3D Numerical Simulation of Gravity-Driven Motion of Fine-Grained Sediment Deposits in Large Reservoirs
1
State Key Laboratory of Hydrology-Water Resources and Hydraulic Engineering, Nanjing Hydraulic Research Institute, Nanjing 210029, China
2
Changjiang River Scientific Research Institute, Wuhan 430010, China
3
State Key Laboratory of Hydroscience and Engineering, Tsinghua University, Beijing 100084, China
*
Author to whom correspondence should be addressed.
Academic Editor: Bommanna Krishnappan
Water 2021, 13(13), 1868; https://doi.org/10.3390/w13131868
Received: 9 May 2021 / Revised: 21 June 2021 / Accepted: 29 June 2021 / Published: 4 July 2021
(This article belongs to the Special Issue Modelling of River Flows, Sediment and Contaminants Transport)

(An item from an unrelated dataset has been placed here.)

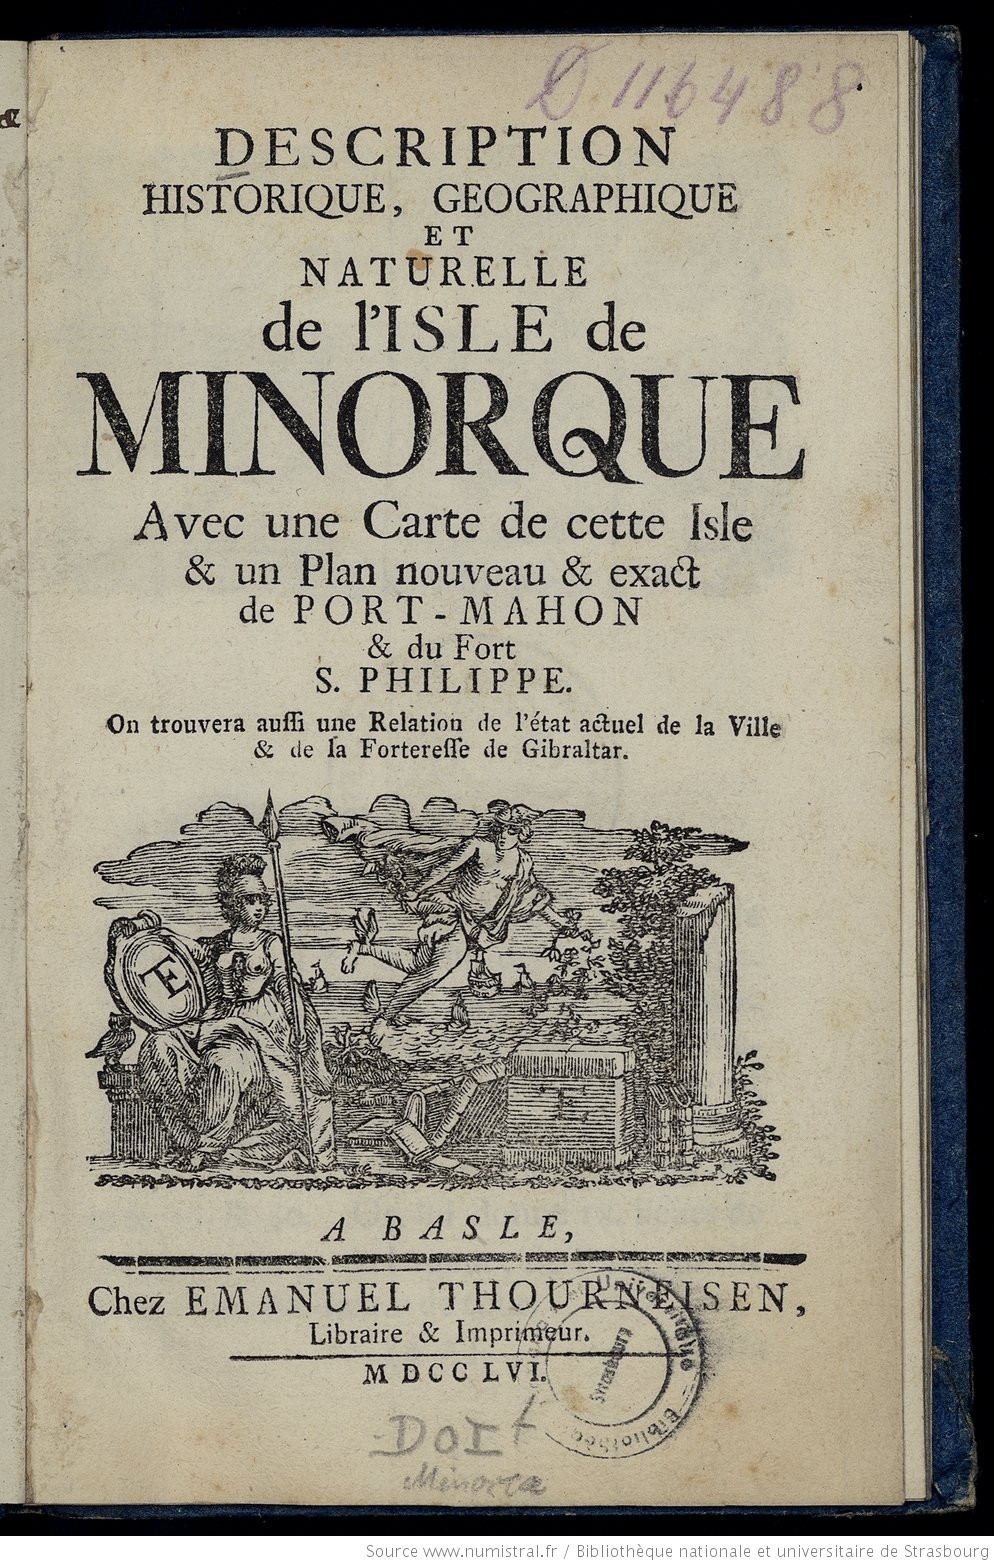 Description historique, géographique et naturelle de l'Isle de Minorque

Deposits in dam areas of large reservoirs, which are commonly composed of fine-grained sediment, are important for reservoir operation. Since the impoundment of the Three Gorges Reservoir (TGR), the sedimentation pattern in the dam area has been unexpected. An integrated dynamic model for fine-grained sediment, which consists of both sediment transport with water flow and gravity-driven fluid mud at the bottom, was proposed. The incipient motion driven by gravity in the form of fluid mud was determined by the critical slope. Shallow flow equations were simplified to simulate the gravity-driven mass transport. The gravity-driven flow model was combined with a 3D Reynolds-averaged water flow and sediment transport model. Solution routines were developed for both models, which were then used to simulate the integral movement of the fine-grained sediment. The simulated sedimentation pattern agreed well with observations in the dam area of the TGR. Most of the deposits were found at the bottom of the main channel, whereas only a few deposits remained on the bank slopes. Due to the gravity-driven flow of fluid mud, the deposits that gathered in the deep channel formed a nearly horizontal surface. By considering the gravity-driven flow, the averaged error of deposition thickness along the thalweg decreased from −13.9 to 2.2 m. This study improved our understanding of the mechanisms of fine-grained sediment transport in large reservoirs and can be used to optimize dam operations.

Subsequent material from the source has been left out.